Hamilton Day 2015
The 2015 Hamilton Lecture, ‘Understanding networks through physical metaphors' was delivered by Professor Daniel Spielman, Henry Ford II Professor Computer Science, Mathematics, and Applied Mathematics, Yale University.
About Professor Spielman
Professor Spielman’s main research interests are the design and analysis of algorithms, network science, machine learning, digital communications and scientific computing. He has received many awards, including the 1995 ACM Doctoral Dissertation Award, the 2002 IEEE Information Theory Paper Award, the 2008 and 2015 Godel Prize, the 2009 Fulkerson Prize, the 2010 Nevanlinna Prize, the 2014 Polya Prize, an inaugural Simons Investigator Award, and a MacArthur Fellowship. He is a Fellow of the Association for Computing Machinery and a member of the Connecticut Academy of Science and Engineering.
Hamilton Day 2015: Interview with Professor Daniel Spielman
Hamilton Lecture
In his Hamilton Lecture, Professor Spielman explored how networks are ubiquitous in science and society. Networks, he said, can be very concrete, like road networks connecting cities or networks of wires connecting computers. Or, they can represent more abstract connections such as friendship on Facebook. Epidemiologists are very interested in the networks of people whose contacts can transmit disease. Networks are widely used to model connections between things that have no real connections. For example, Biologists try to understand the functioning of cells by studying networks connecting proteins that interact with each other and Economists try to understand markets by studying networks connecting institutions that trade with each other.

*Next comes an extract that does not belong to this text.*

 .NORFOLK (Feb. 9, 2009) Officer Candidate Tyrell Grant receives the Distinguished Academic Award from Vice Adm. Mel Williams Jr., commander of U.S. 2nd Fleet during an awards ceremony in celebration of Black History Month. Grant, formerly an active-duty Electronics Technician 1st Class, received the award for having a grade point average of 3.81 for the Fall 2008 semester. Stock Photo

He explored questions like ‘which components of the network are the most important?’, ‘how well do things like information, cars, or disease spread though the network?’, and ‘does the network have a governing structure?’

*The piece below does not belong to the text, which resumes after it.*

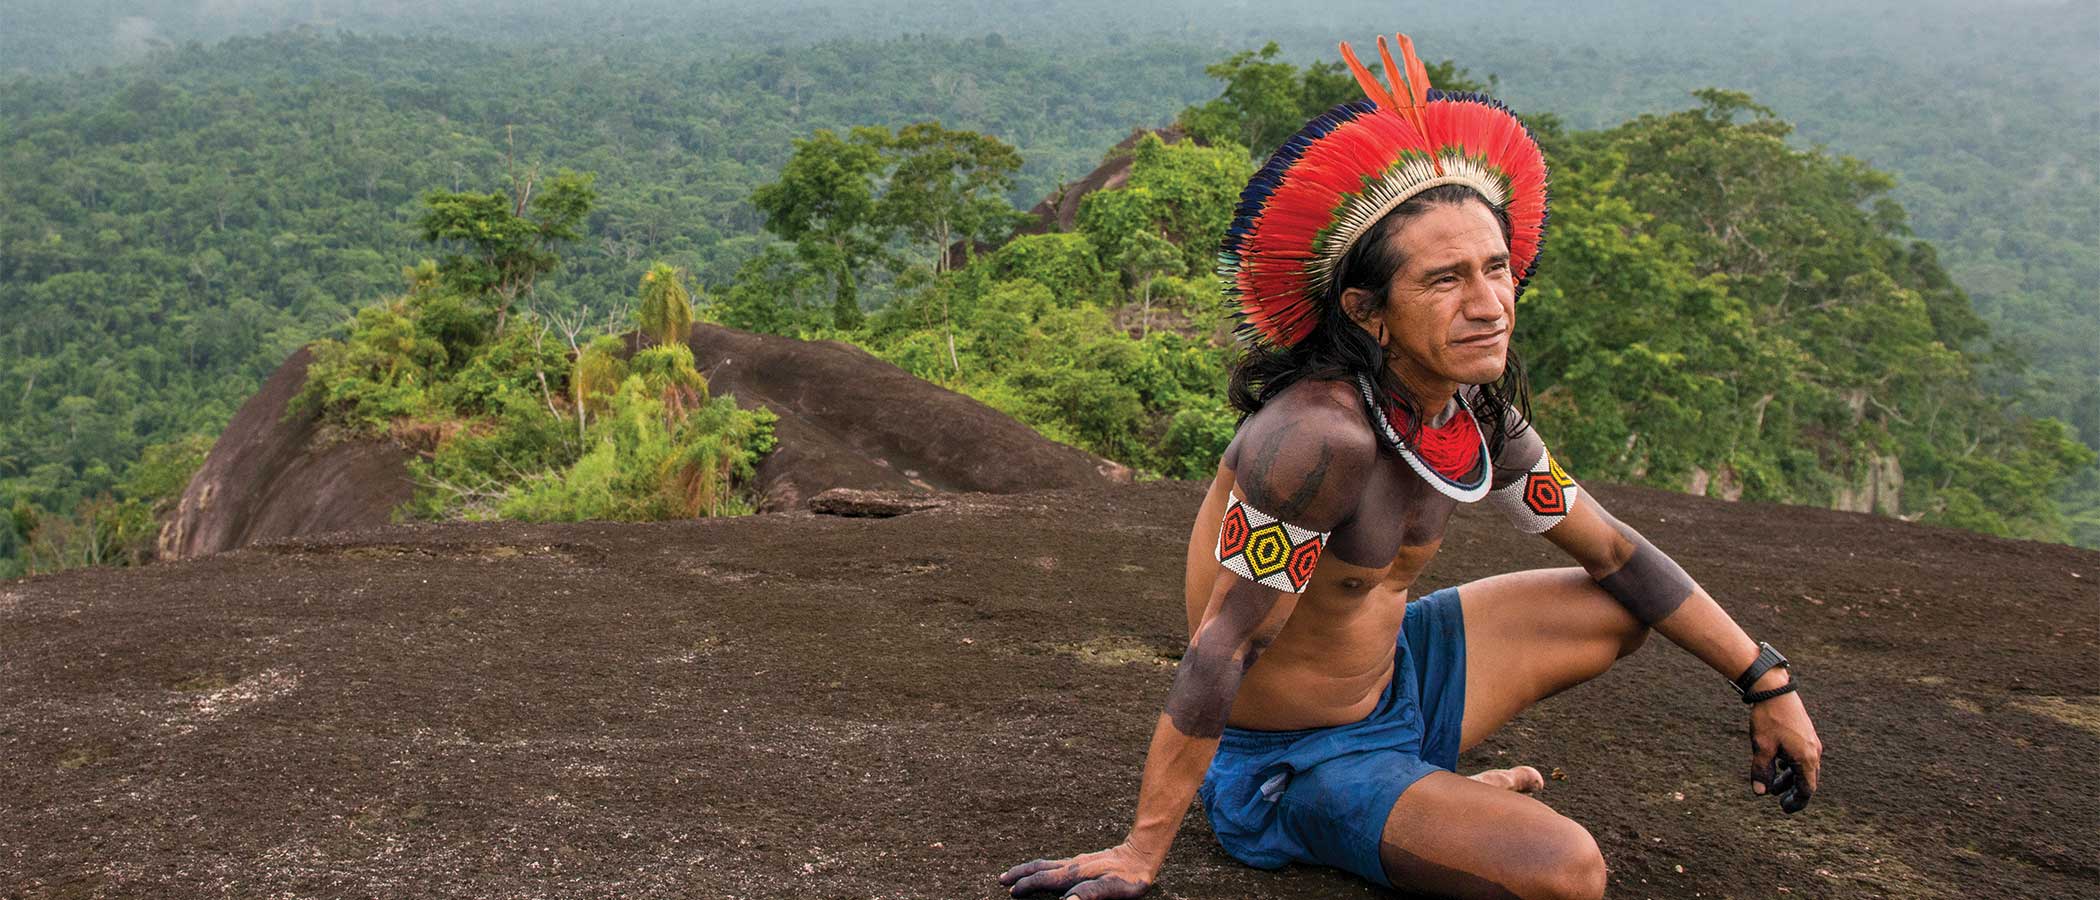 A Kayapo man seated on a mountain top overlooking forest in the Amazon.

Professor Spielman explained how engineers and scientists address these questions by modelling networks as physical objects, imagining that the connections are springs, electrical resistors, or pipes that carry fluid, and analysing the resulting systems. This approach has been successful both because we can quickly compute the behaviour of these physical systems and because it allows us to leverage our physical intuition.